**Exercise description**
Leaving the pictures aside, return the listing exactly as it appears.

**Dataset section**
+--
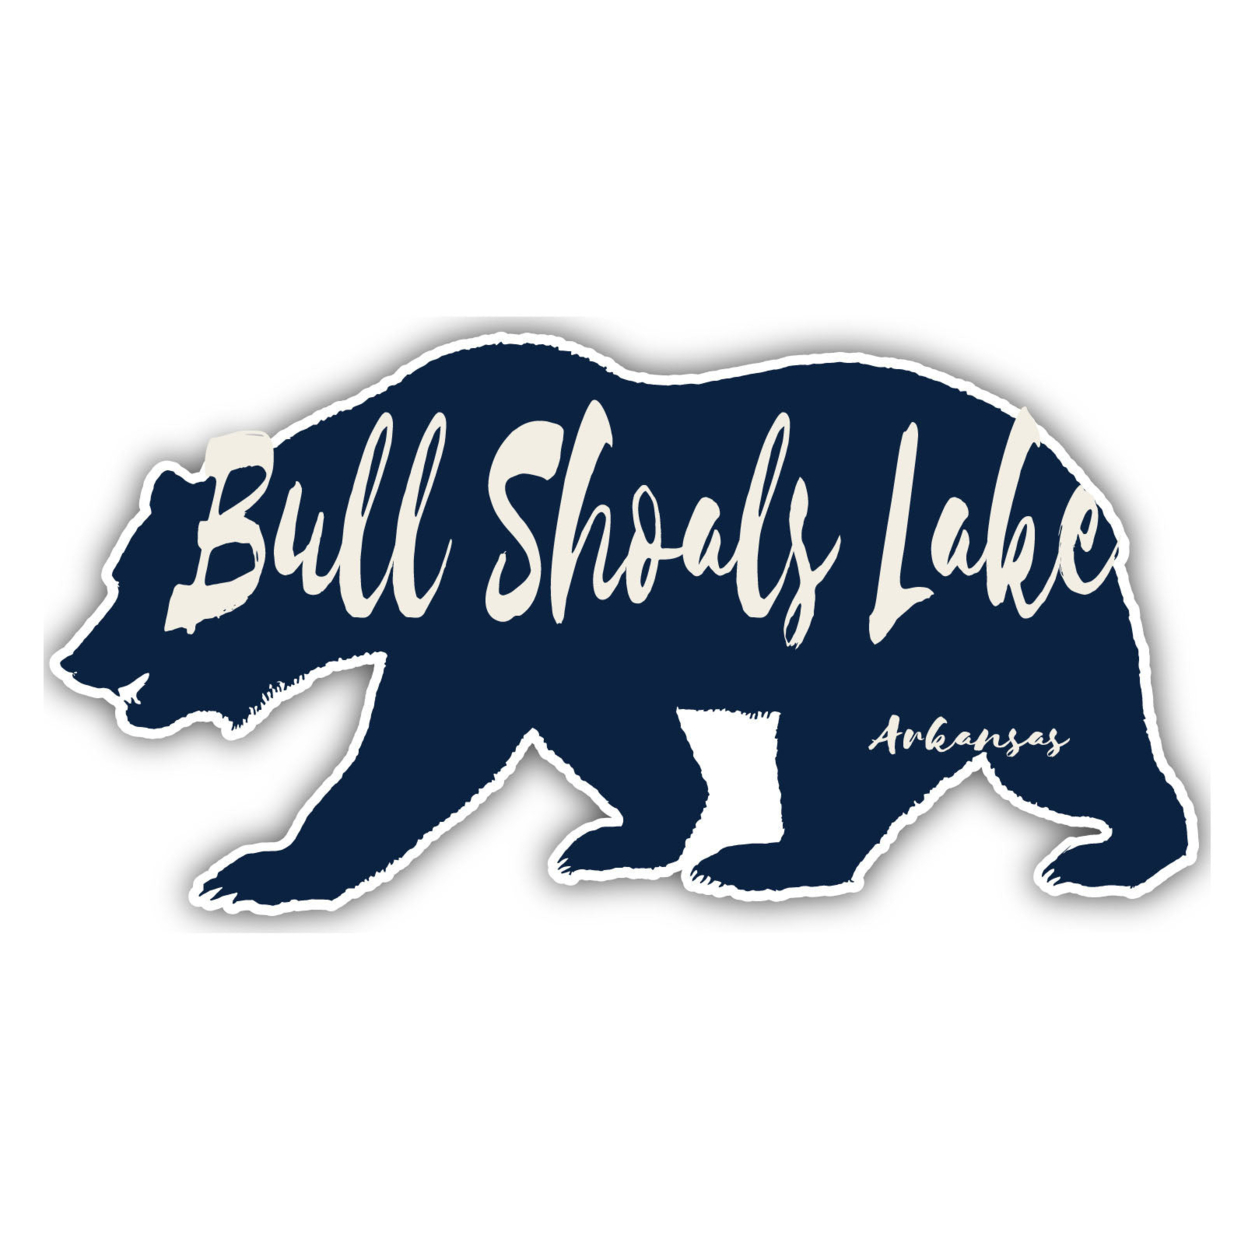 Bull Shoals Lake Arkansas Souvenir Decorative Stickers (Choose Theme And Size) - 4-Pack, 6-Inch, Tent
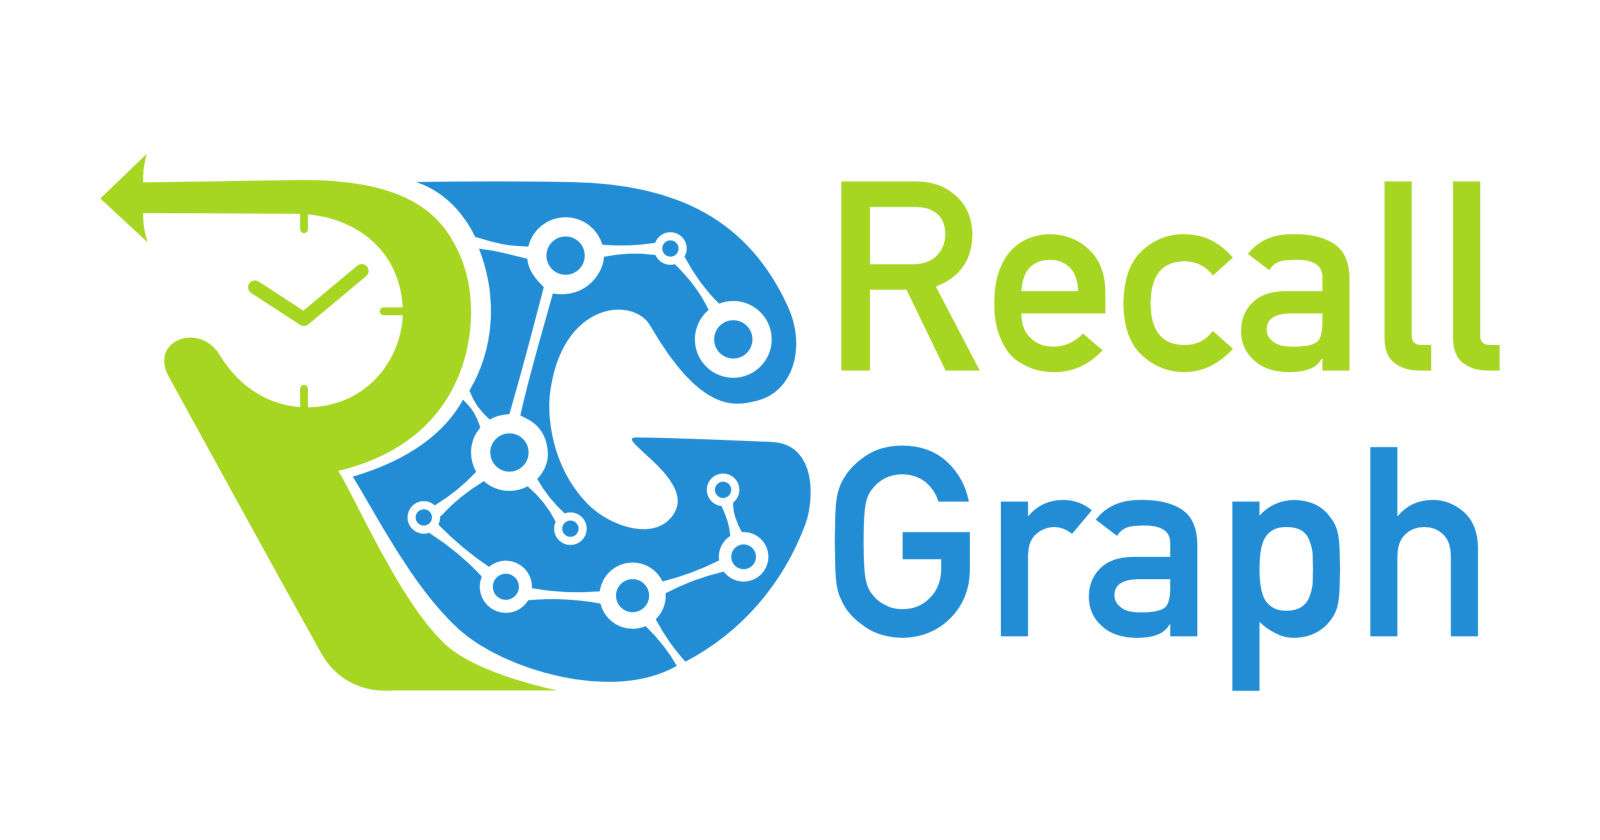 RecallGraph v1 Released
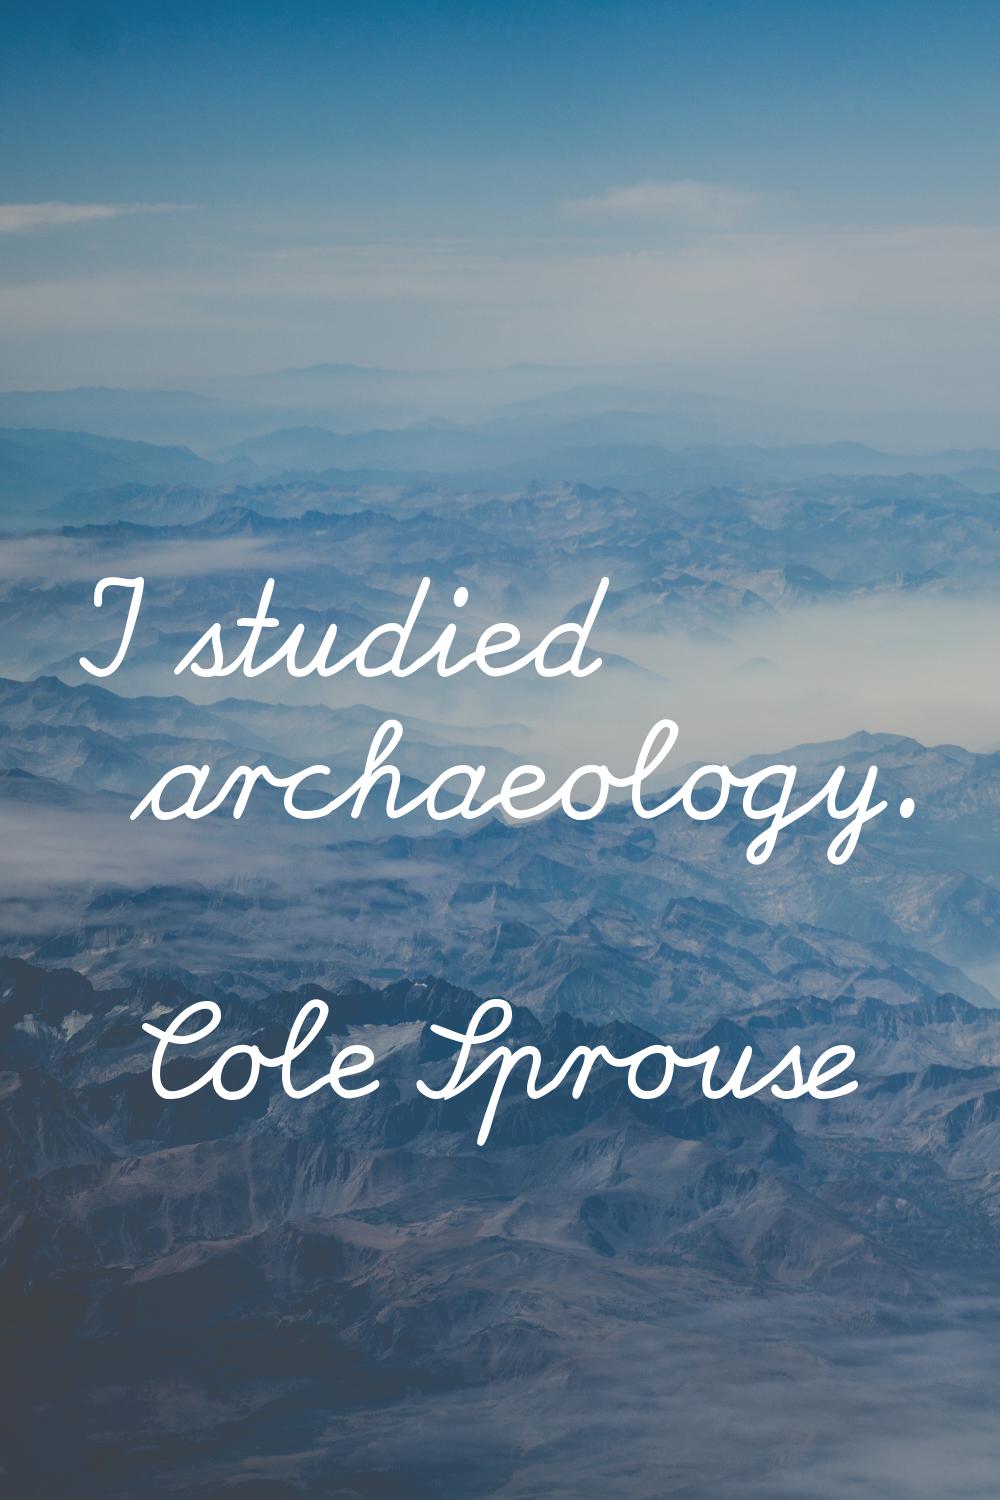 I studied archaeology.
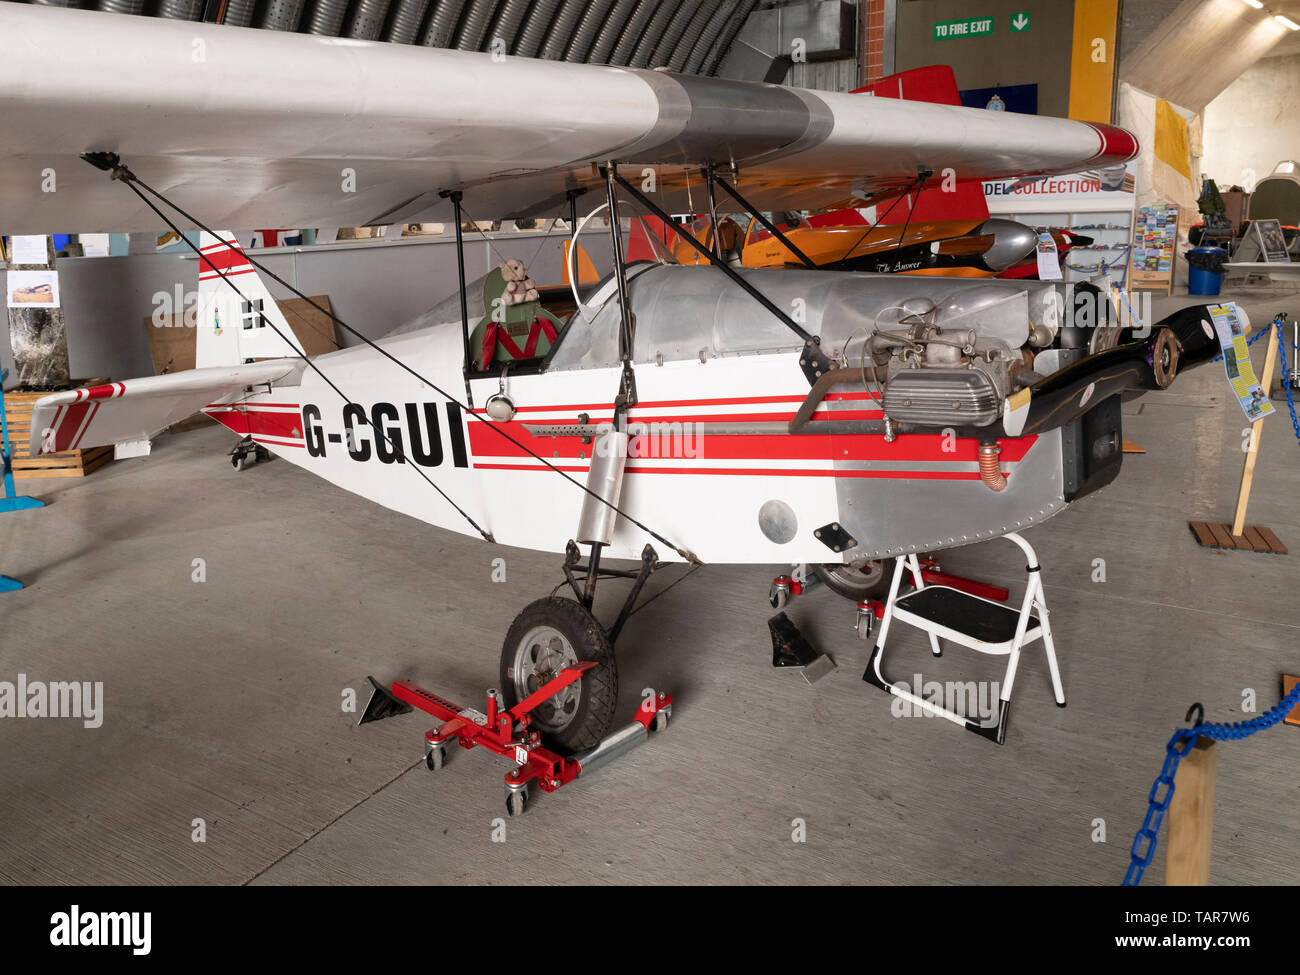 Hangar Exhibit, G-CGUI Stock Photo
+--
**The completed task**
 Bull Shoals Lake Arkansas Souvenir Decorative Stickers (Choose Theme And Size) - 4-Pack, 6-Inch, Tent
 RecallGraph v1 Released
 I studied archaeology.
 Hangar Exhibit, G-CGUI Stock Photo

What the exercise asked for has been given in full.